Licensing and laws do nothing to curb the problem. If cats are required to be licensed then these lying, deceitful, manipulative, and conniving cat-lickers just stop putting collars on their cats; as they did by me. And they won’t even bother getting them micro-chipped, especially not that. They want absolutely nothing that can hold them legally accountable for their actions and the actions of their cats. We’re not talking about the topmost responsible citizens of the world, you know. They don’t want that responsibility of what they and their cats have done coming back on them. If they had even one iota of a sense of responsibility and respect for all other lives on this planet we wouldn’t even be having these discussions.
Any non-native cat that is allowed to illegally hunt our native wildlife where I live then in turn gets hunted until dead. No delays, no excuses, NO EXCEPTIONS. That’s the very best way to keep these invasive species vermin from destroying any more native wildlife or spreading any more of their 3dozen+ deadly diseases to all other animals and humans. They had annihilated all the wildlife on my lands for 15 years, until on advice of the Sheriff I shot and buried every last one of hundreds of their vermin cats for them (AS-IS THE LEGAL RIGHT OF EVERY LAND-OWNER). Collared or not — for you MUST destroy ALL stray collared cats as well, they are the very source of every last feral cat. If you don’t destroy them too then you have done NOTHING to solve the feral cat problem. Guaranteed. All the cat-lickers by me told me for over a decade that all their “pet” cats were sterilized. But upon inspection during shooting and burying hundreds of them, NOT ONE of their cats was sterilized. Cat-advocates and cat-owners who let cats roam free are manipulative and deceptive LIARS — one and all.
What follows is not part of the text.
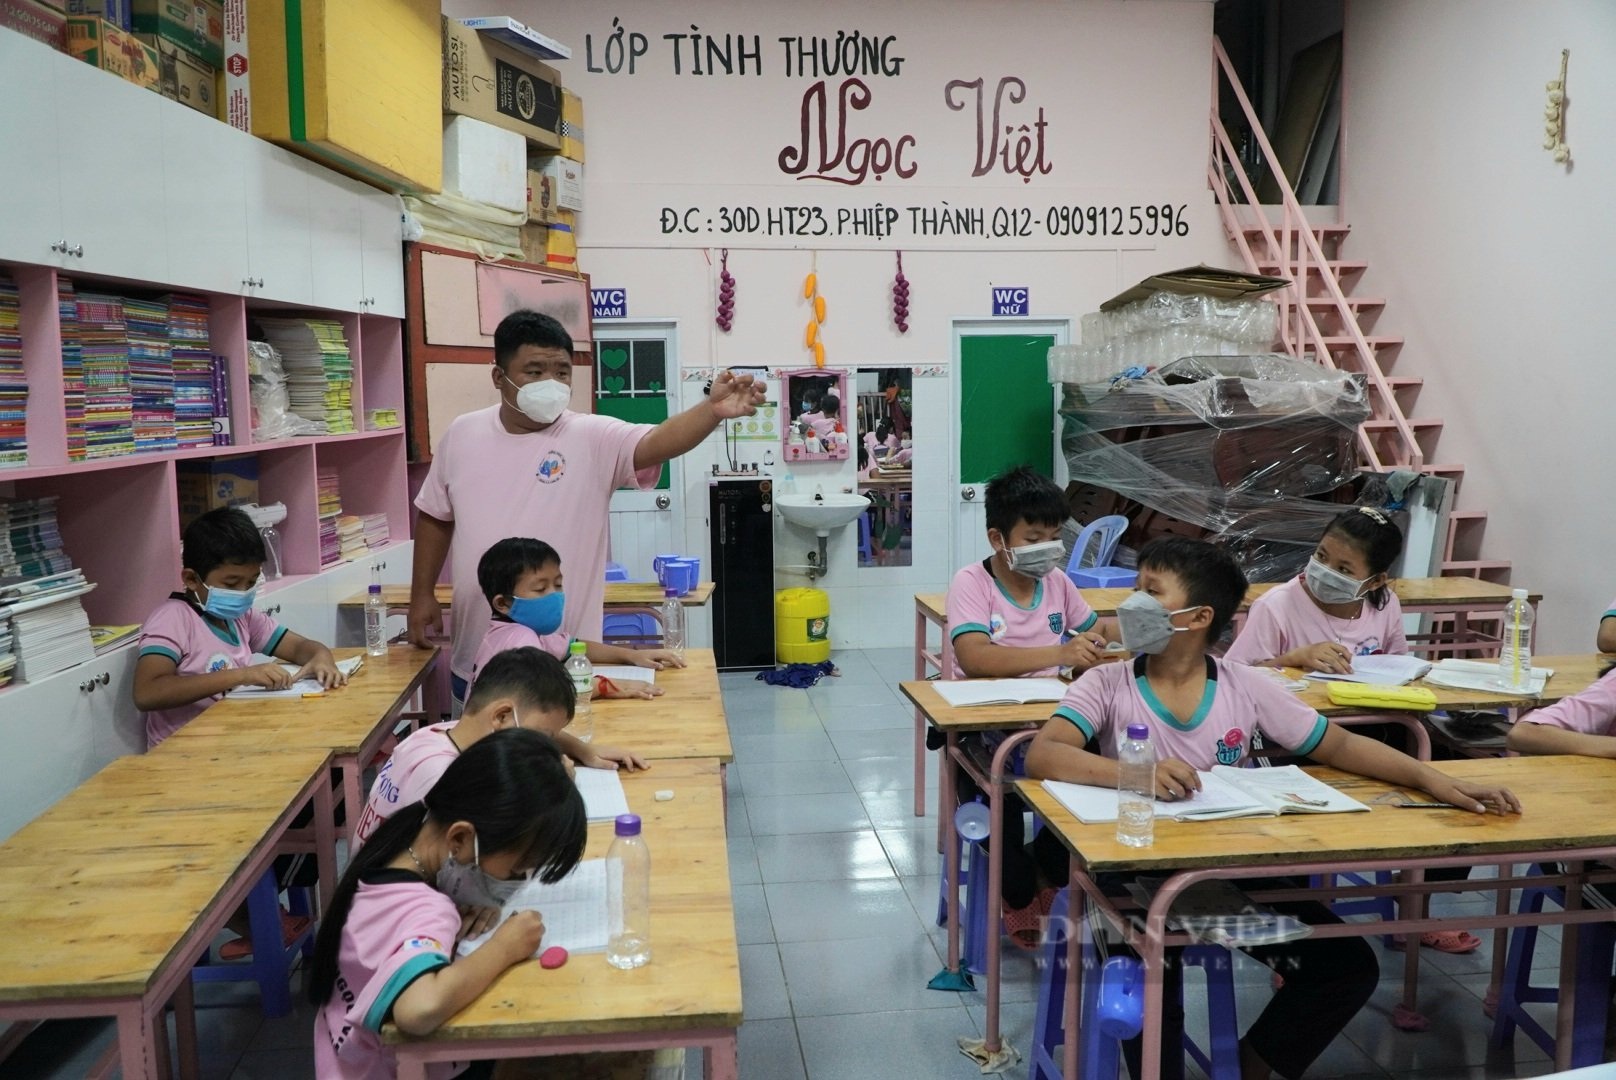 “Người thầy” gần 14 năm gieo chữ miễn phí cho những học sinh nghèo  - Ảnh 1.

I don’t see anyone dumping cats where I live anymore. They don’t even adopt more than can be kept under lock & key 24/7/52. When driving through the area I don’t see even one cat on anyone’s doorsteps anymore. I always keep an eye-out to see if there are more free-roaming cats that will have to be shot. And if I’ll have to leave fish-oil trails on all the roadsides again, leading right to my IR surveillance system and laser-sighted rifle. The eradication of these vermin was so complete and effective that cats are non-existent from my area for over FIVE years now. Not seen nor heard a single one. So much for that cat-lickers’ oft-spewed and manipulative “vacuum effect” deception and lie too, eh?
Leaving ANY of their invasive species cats outside in my area means certain death for their cat, its further existence can be counted in hours. You’d think everyone else could learn from this simple lesson. The quickest way to solve an unwanted animal and irresponsible pet-owner problem is to let everyone know that you will quickly and humanely destroy every last one of their unwanted, uncared-for, or unsupervised animals for them. They either grow up fast or, far more plausible, dump their animals elsewhere to become someone else’s problem.
You just can’t be an enabler of criminally irresponsible spineless and heartless idiots — or they remain that way. (At least where you live, anyway.)
**IF THERE ARE NOT DIRECT AND IMMEDIATE IRREVERSIBLE CONSEQUENCES TO PET-OWNERS’ CRIMINALLY-NEGLIGENT AND CRIMINALLY-IRRESPONSIBLE BEHAVIORS AND VALUES THEN THEY LEARN ABSOLUTELY NOTHING.**
“Nature Advocate,” we already banned you from 10,000 Birds before when you were operating under a different pseudonym. Please don’t make us do it again – you’ve said your piece, move along.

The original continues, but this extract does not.